🤖 AI Summary
Large Vision-Language Models (LVLMs) suffer from object hallucination—generating objects not present in the input image. This work is the first to localize the root cause of hallucination at the image token level, revealing that only ~1.5% of high-attention image tokens dominate hallucinatory generation. To address this, we propose EAZY: a zero-shot, training-free, and architecture-agnostic intervention method. EAZY automatically identifies hallucination-relevant tokens via attention analysis and unsupervised importance estimation, then applies adaptive zero-masking to them. Evaluated across multiple LVLM architectures and benchmark datasets, EAZY consistently mitigates hallucination without compromising original task performance. It improves unsupervised hallucination detection accuracy by 15%, demonstrating precise, lossless, and generalizable hallucination suppression.
📝 Abstract
Despite their remarkable potential, Large Vision-Language Models (LVLMs) still face challenges with object hallucination, a problem where their generated outputs mistakenly incorporate objects that do not actually exist. Although most works focus on addressing this issue within the language-model backbone, our work shifts the focus to the image input source, investigating how specific image tokens contribute to hallucinations.

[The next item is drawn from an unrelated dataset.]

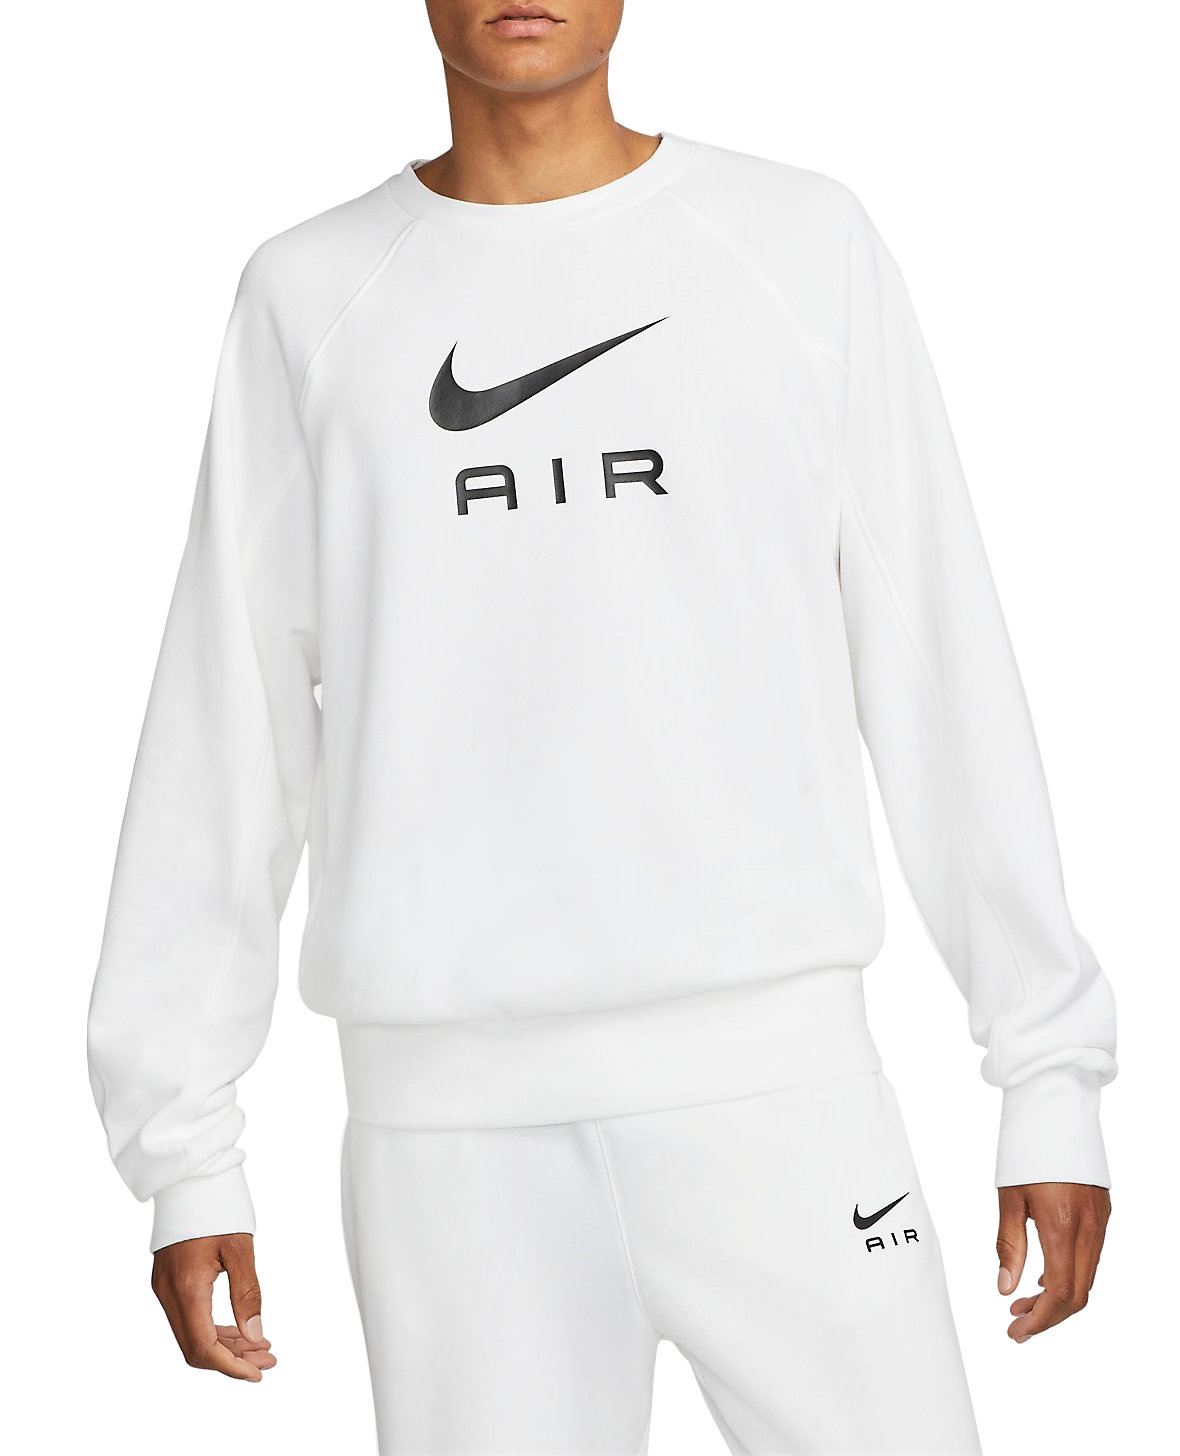 Nike Air FT Crew Sweatshirt - 11teamsports.es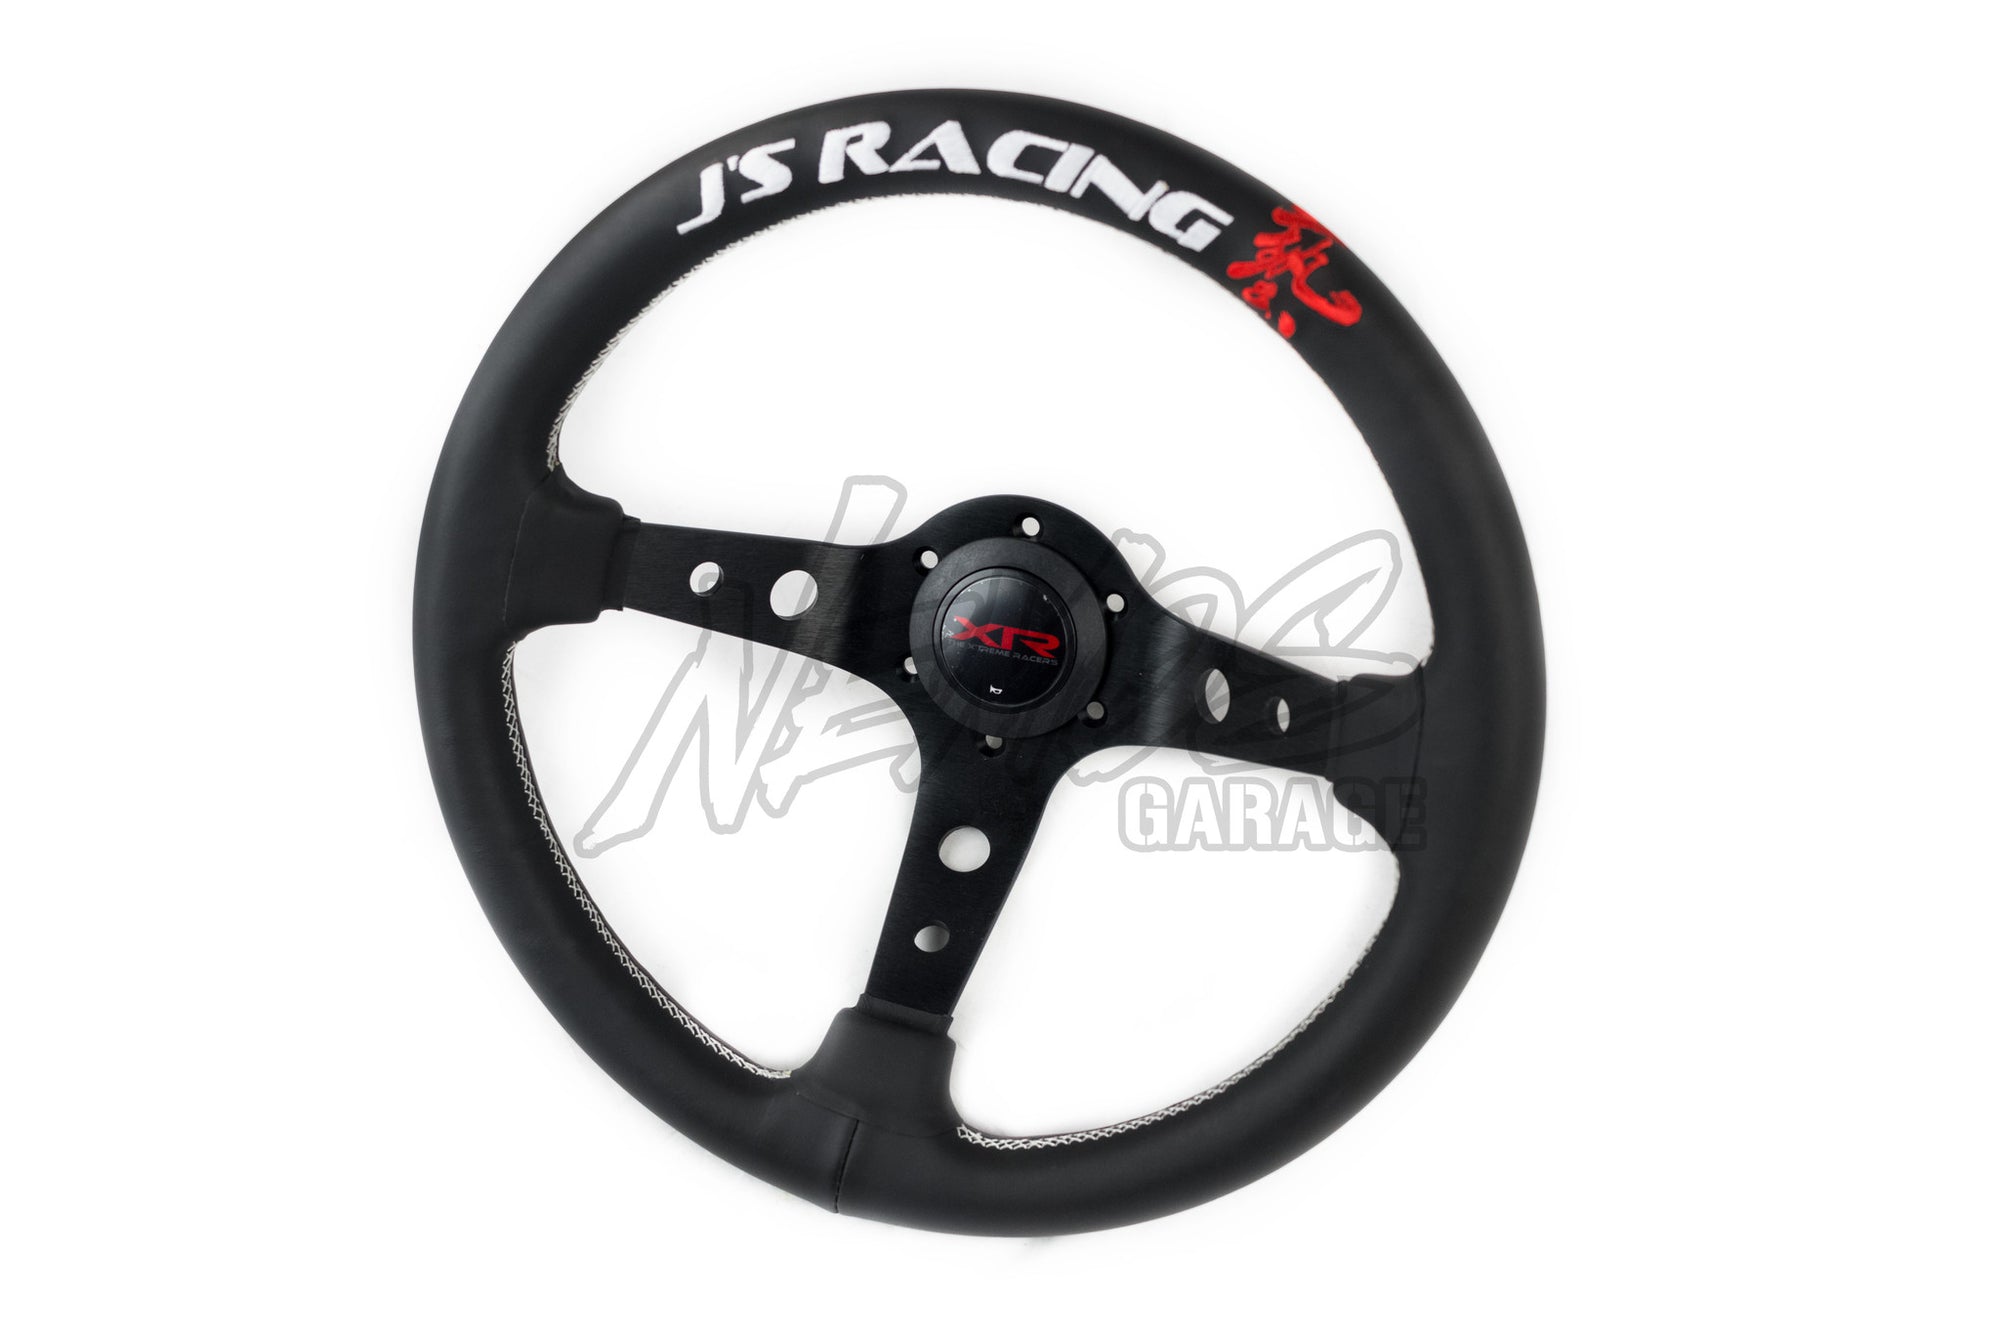 J's Racing "Xtreme Racers" Type-D Steering Wheel - U.S. Version

Our analysis reveals a striking finding: a small subset of image tokens with high attention scores are the primary drivers of object hallucination. By removing these hallucinatory image tokens (only 1.5% of all image tokens), the issue can be effectively mitigated. This finding holds consistently across different models and datasets. Building on this insight, we introduce EAZY, a novel, training-free method that automatically identifies and Eliminates hAllucinations by Zeroing out hallucinatorY image tokens. We utilize EAZY for unsupervised object hallucination detection, achieving 15% improvement compared to previous methods. Additionally, EAZY demonstrates remarkable effectiveness in mitigating hallucinations while preserving model utility and seamlessly adapting to various LVLM architectures.